L116: This statement suggests that the male-biased sex ratios of threatened bird species are due to sex reversals. This is an interesting and potentially important possibility, but it needs more context so that readers can correctly infer its plausibility. Male-biased adult sex ratios are typical for birds, and there can be multiple reasons for this (e.g. (Pipoly et al., 2015; Xirocostas et al., 2020; Schacht et al., 2022). Based on existing evidence, it does not seem likely that these biases would be driven by hatchling sex ratios, at least not in comparisons across species and populations (e.g. Székely et al., 2014; Eberhart-Phillips et al., 2018). If sex reversals were affecting sex ratios, this should be more apparent closer to conception, e.g. at hatching rather than in adulthood, yet hatchling sex ratios are not typically male-biased (Donald, 2007; Székely et al., 2014). We recommend deleting this sentence from the Introduction and explaining this issue in more detail in the Discussion (L305-310).

L117-118: This sentence is a bit misleading, as it suggests that the offspring of sex-reversed individuals are more sensitive to environmental disturbances in various kinds of traits. However, what the cited studies show is that these offspring are more likely to undergo sex reversal in response to environmental stimuli, compared to the offspring of sex-concordant parents. There is no data to show whether this sensitivity extends to other traits like survival or disease susceptibility. Please re-phrase the sentence accordingly.

L123-125: It would be worth mentioning among the objectives that attempts were made to test if sex-reversed individuals differ from sex-concordant conspecifics in terms of gonad size and body morphology.

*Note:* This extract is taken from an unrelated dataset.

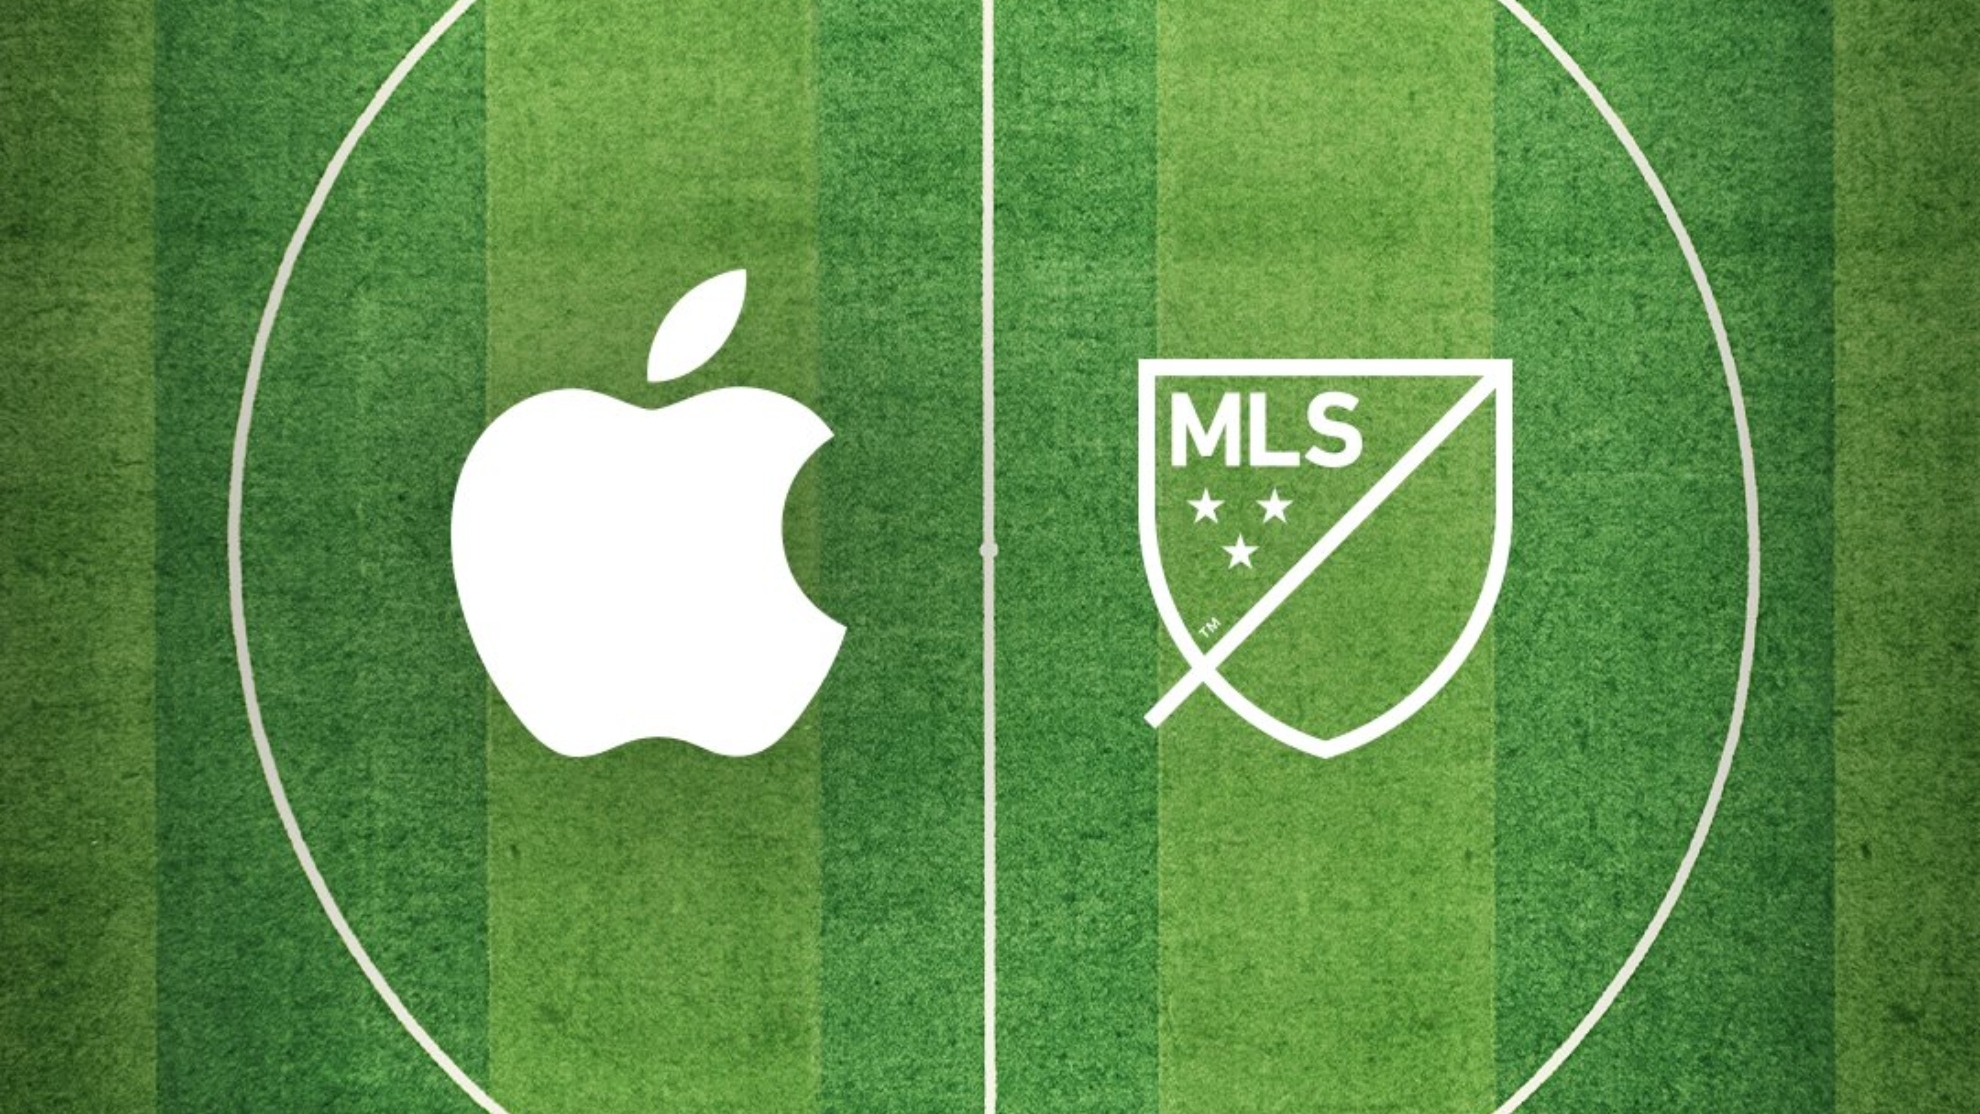 Apple and the MLS have come to a 10-year broadcast agreement

L130: How does the set of chosen species represent the species in decline? Please provide information on the conservation status of each species studied. You could present this in a table that would also provide information on the level of sexual dimorphism, e.g. is it known to be present, in which bodily measurements; do males and females differ in plumage coloration – this latter is relevant for recognizing chimeras or gynandromorphs.

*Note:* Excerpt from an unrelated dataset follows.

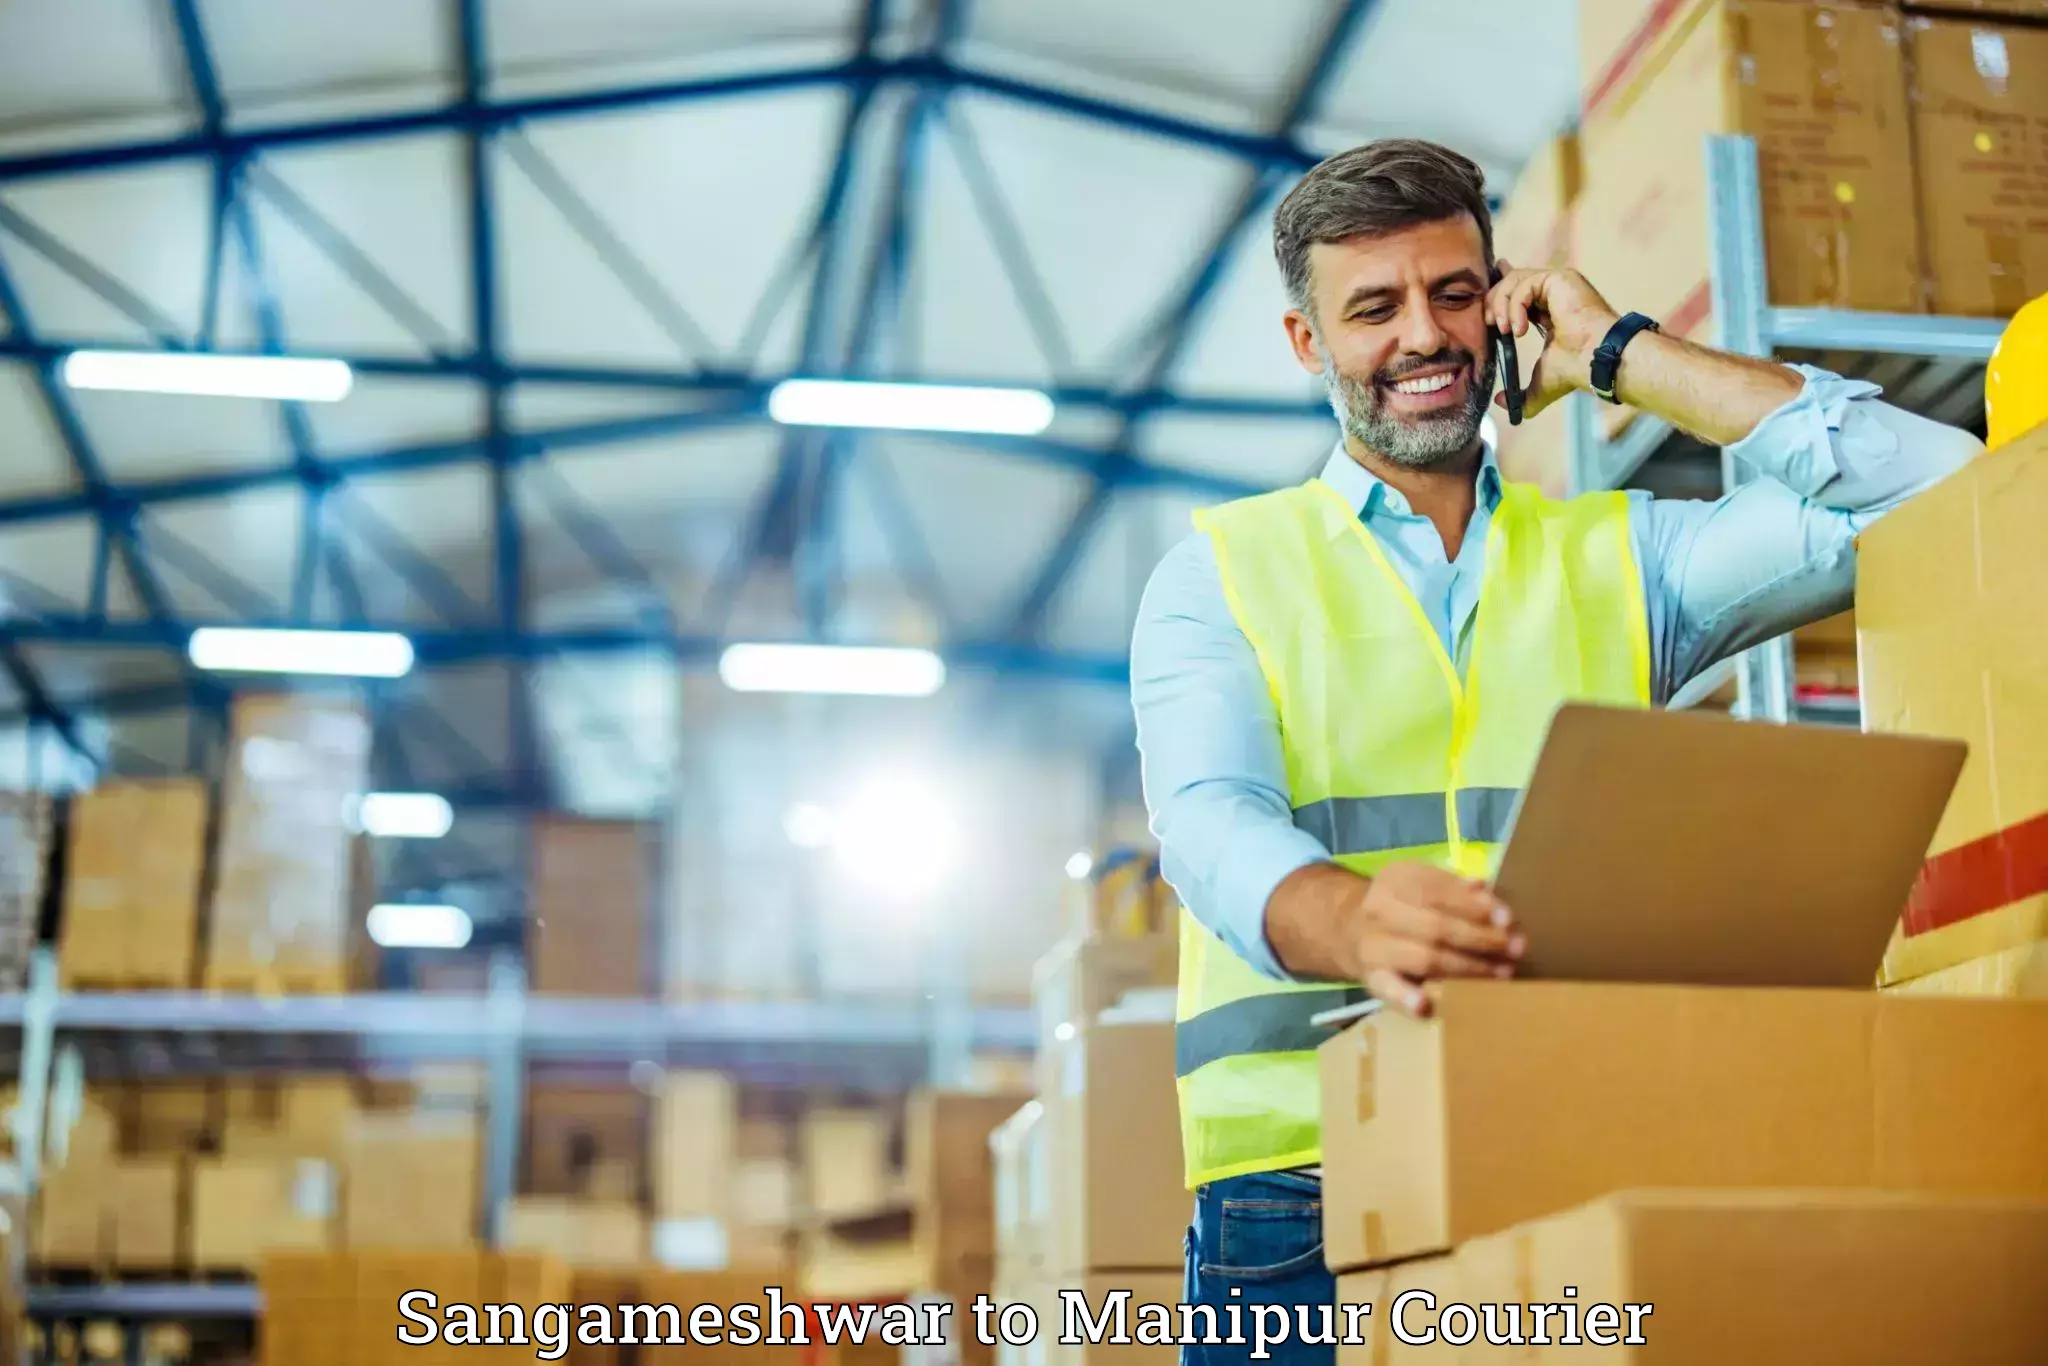 Luggage shipment specialists Sangameshwar to Manipur

L140: The fact that the samples came from birds that died in wildlife hospitals should be mentioned in the Abstract and in the Discussion. There is a chance that these samples do not adequately represent the wild populations: for example, if sex-reversed individuals have poor health, they may be over-represented in the hospital samples.

L192-208: The description of the statistical analyses is somewhat difficult to understand, as it is unclear which sex groups were compared. Please use clear terms and specify which variables were compared between which groups. The phrases “status (discordant or non-discordant)” and “gonadal makeup (i.e., testes, ovary and largest follicle)” are not clear enough. Instead, please use phrases like “testis measurements were compared between sex-concordant ZZ males and sex-reversed ZW males, whereas ovary and follicle measurements were compared between ZW females and ZZ females”. For external morphology, it seems from Table 4 that “discordant females” (probably ZW males, although this is not explicitly stated in the text) were compared to concordant ZZ males but not to concordant ZW females. The logic of this is unclear. We recommend presenting the data in such a way that both ZW males and ZZ females can be compared to both ZZ males and concordant ZW females, at least qualitatively from graphs. We suggest showing a boxplot each for ZZ males and concordant ZW females (for each morphological variable) and adding the dots of ZW males and ZZ females as different symbols.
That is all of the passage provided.